You’ve booked the perfect room.
Now you’re probably wondering how to get to your destination.
Fear not! For today we bring you:
Jets, Rails & Cars: A Handy Little Guide to Choosing the Perfect Mode of Transportation When Traveling Away from Home
For most of us, we have three main choices when we’re traveling from home: we can drive (and fight the traffic), we can take a plane (and fight the security), or we can take a train (and fight the railway hobos).
You might be confused as to why I left boats and busses of the list. I’ve got two reasons (movies) why: Titanic and Midnight Cowboy. If you’ve watched those movies and still choose to travel by bus or sea, well then I really can’t help you. (But a doctor probably can. Legionnaire’s disease is no joke!)
Cars are an extremely popular form of transportation these days. In fact, they’re so popular that it’s practically impossible to get anywhere in a car because of all of the other cars on the road!
The nice thing about cars is that you’re in control of your own destiny. You can play with the radio. You can pull over for some delicious road food and coffee (calories consumed in the car don’t count!) whenever you want. You can cut people off and give them the finger if you need to blow off a little steam.
Plus, the advent of DVDs and third-row seating has made traveling with the youngsters practically a dream come true: now instead of being badgered “are we there yet” after 15 minutes, we can enjoy a full 35 minutes of peace before the whining commences. Huzzah!
Sure, cars are an expensive, inefficient and dangerous mode of transportation but they deliver one thing that you can’t get anywhere else: the illusion of control. Savor it.

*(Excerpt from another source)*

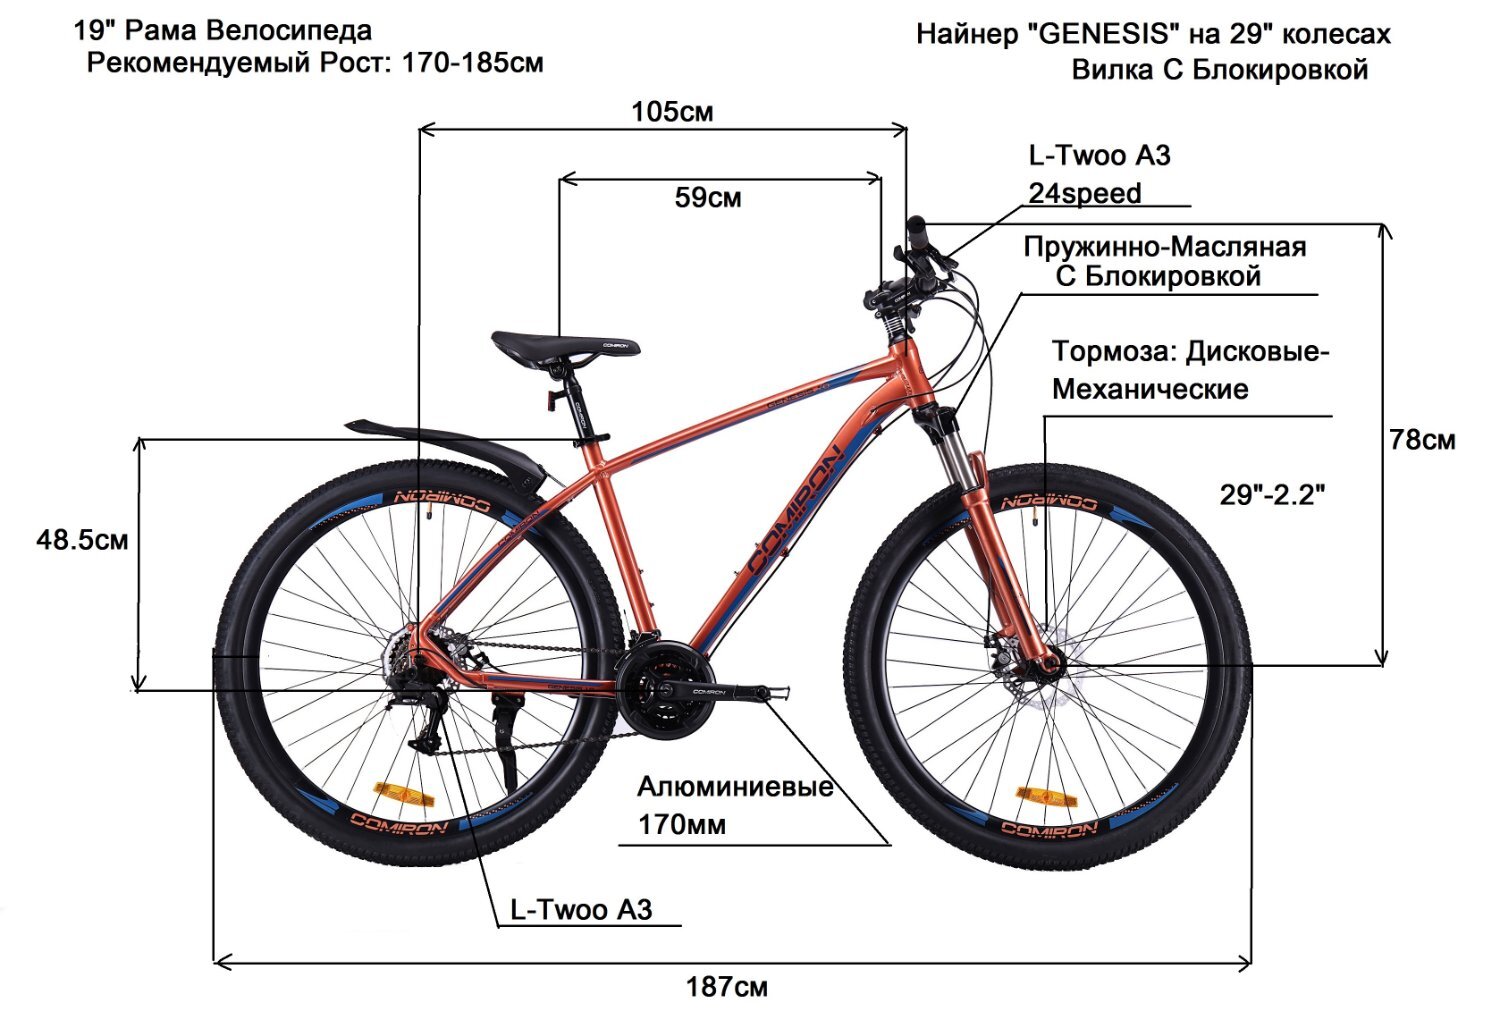 Велосипед 5 лет диаметр колес. Велосипед 19 рама 29 колеса. Габариты велосипеда. Размер велосипеда. Размер колес скоростного велосипеда.

On the opposite end of the spectrum are airplanes. Everything about the flying experience is tortuous: the check-in process, security shakedowns, being 47th in line on the tarmac, the pilot’s overly-loud and tedious announcements, the stupid farewells when you’re trying to get off the plane, trying not to poo at the airport, etc.
Even though I’m not particularly scared of the big ol’ stinky bus in the sky, I desperately hate everything about flying, especially the phony security experience (are planes really susceptible to sneaker-water-toothpaste bombs?) You know, if we really wanted to get revenge on the terrorists we shouldn’t torture them or lock them up in Gitmo, we should just make them spend the rest of their lives at the airport waiting in the security line. That, my friends, is what we call poetic justice.

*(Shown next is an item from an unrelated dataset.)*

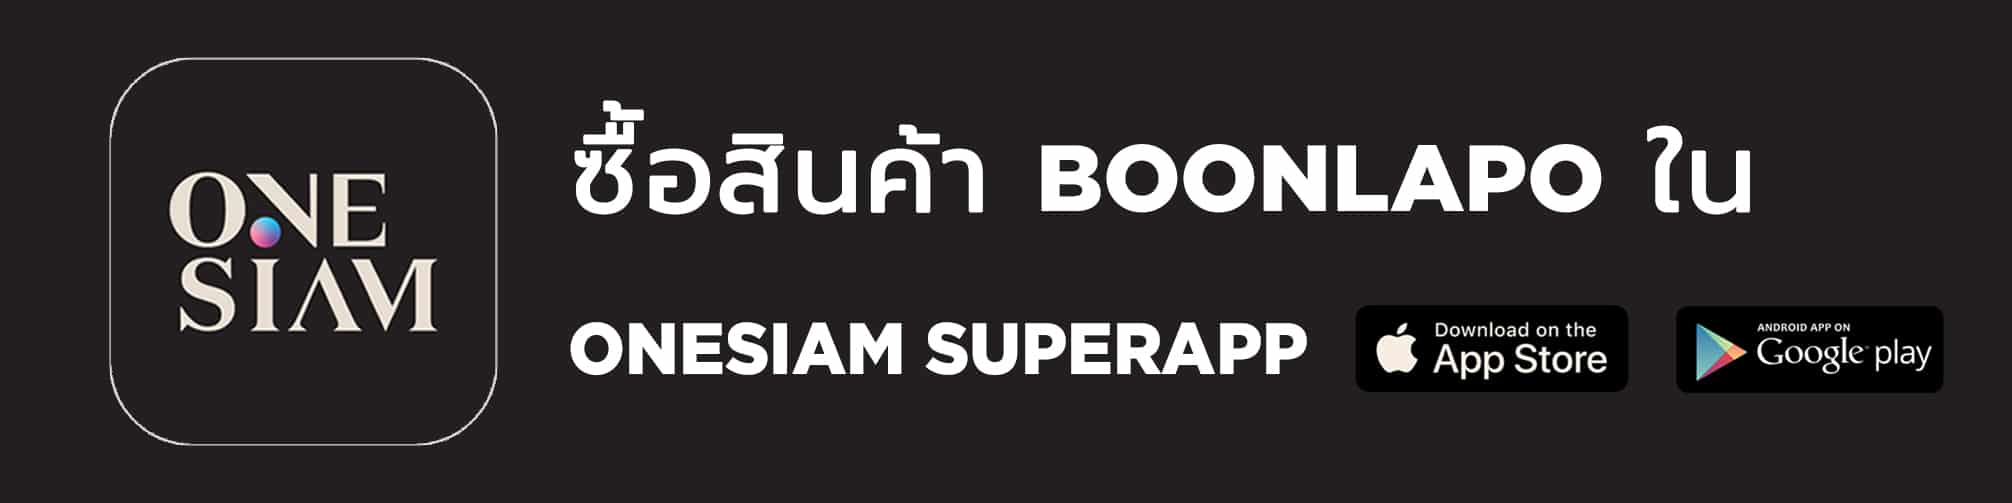 B&O Banner for Boonlapo Website Superapp

Of course, we put up with the flying experience because it’s the fastest way to get long distances. But the real question is: do we really need to get everywhere so quickly?
That’s where trains come in. I love traveling long distances by train. I yearn for that brief period in history where there were trains but no planes. Damn those stupid Wright Brothers! I wish that we just ditched the whole airplane thing and built high-speed trains that went everywhere. If trains were the only choice for cross-country travel then we’d all accept that it takes a week to get to California and everybody would slow down a bit. Every trip would turn into a reprise of Festival Express. We’d be drinking Jack with Janis, singing with Danko and chasing the dragon with Garcia. Sure, we might need to spend a little bit more time in rehab, but isn’t that a small price to pay for a little piece of mind?
Everything about the rail experience is great. You can read, listen to music, walk around, eat, work, talk on the phone, drink, smuggle things to foreign lands, play Uno, whatever.
Whether you choose to drive, fly or take a train on your next trip, the important thing to remember is that there’s really no need to ever travel beyond the cozy confines of Route 128. As we like to say in Boston, everything that you need in life can be found within the 128 border – and if it can’t, well then you probably don’t need it.